BT_algo <- BT(formula = Y_normalized ~ Age + Sport + Split + Gender, # formula
              data = dataset, # data
              ABT = FALSE, # Classical Boosting Tree
              n.iter = 200,
              train.fraction = 0.8,
              interaction.depth = 3,
              shrinkage = 0.01,
              bag.fraction = 0.5,
              colsample.bytree = 2, # 2 explanatory variable used at each iteration.
              keep.data = FALSE, # Do not keep a data copy.
              is.verbose = FALSE, # Do not print progress.
              cv.folds = 3, # 3-cv will be performed.
              folds.id = NULL ,
              n.cores = 1,
              weights = ExpoR, # <=> Poisson model on response Y with ExpoR in offset.
              seed = NULL)

## Determine the model performance and plot results.
best_iter_val <- BT_perf(BT_algo, method='validation')
best_iter_oob <- BT_perf(BT_algo, method='OOB', oobag.curve = TRUE)
best_iter_cv <- BT_perf(BT_algo, method ='cv', oobag.curve = TRUE)

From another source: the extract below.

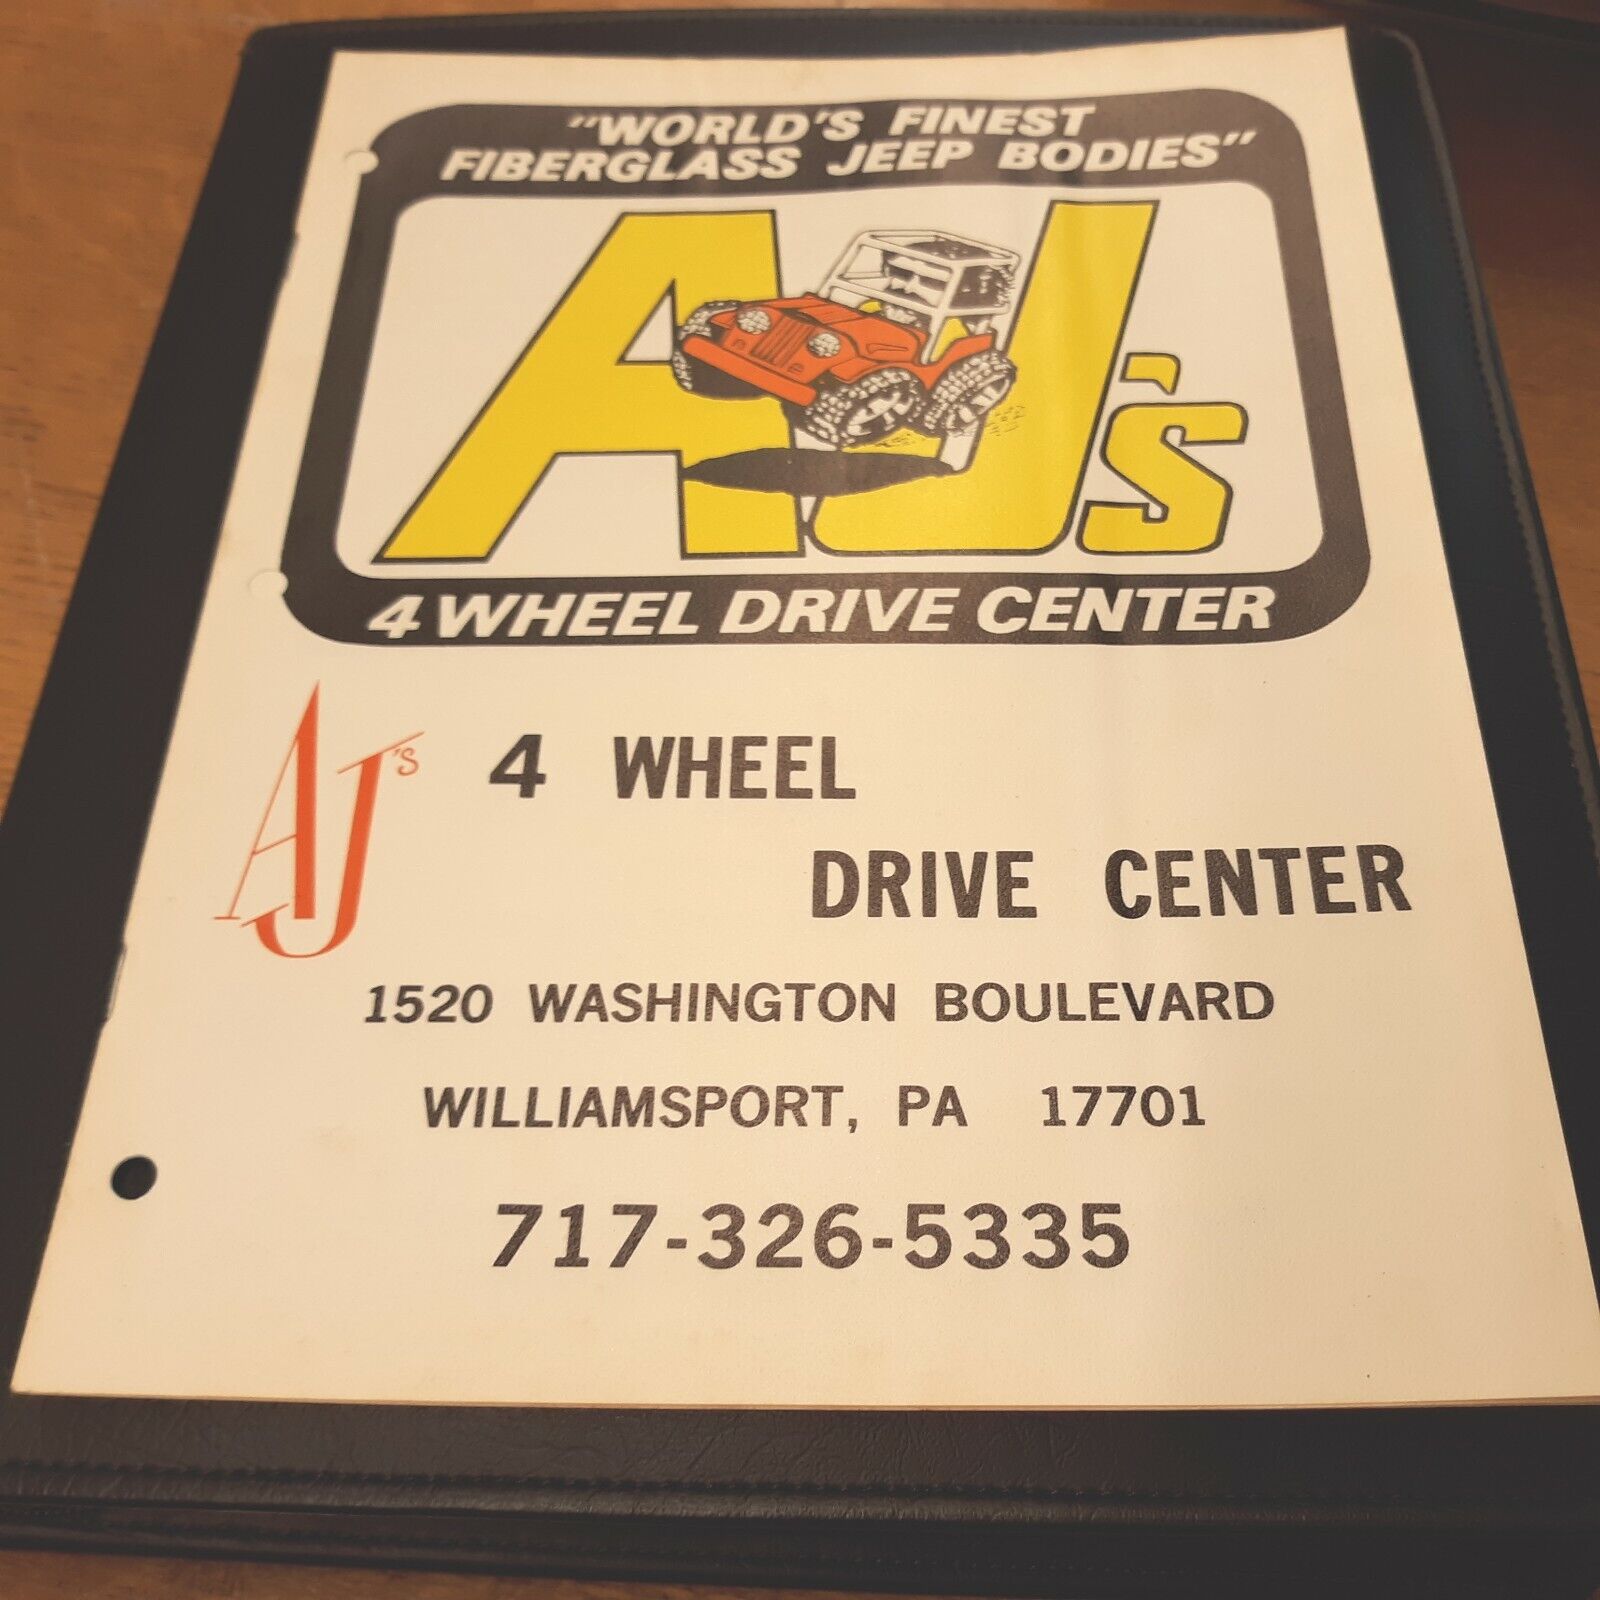 AJ\'s 4 Wheel Drive Center Fiberglass Jeep Bodies Williamsport PA 8.5x11 Brochure

best_iter <- best_iter_val

## Variable influence and plot results.
# Based on the first iteration.
variable_influence1 <- summary(BT_algo, n.iter = 1)
# Using all iterations up to best_iter.
variable_influence_best_iter <- summary(BT_algo, n.iter = best_iter)

##  Print results : call, best_iters and summarized relative influence.
print(BT_algo)

## Model predictions.
# Predict on the link scale, using only the best_iter tree.
pred_single_iter <- predict(BT_algo, newdata = dataset,
                            n.iter = best_iter, type = 'link', single.iter = TRUE)
# Predict on the response scale, using the first best_iter.
pred_best_iter <- predict(BT_algo, newdata = dataset,
                          n.iter = best_iter, type = 'response')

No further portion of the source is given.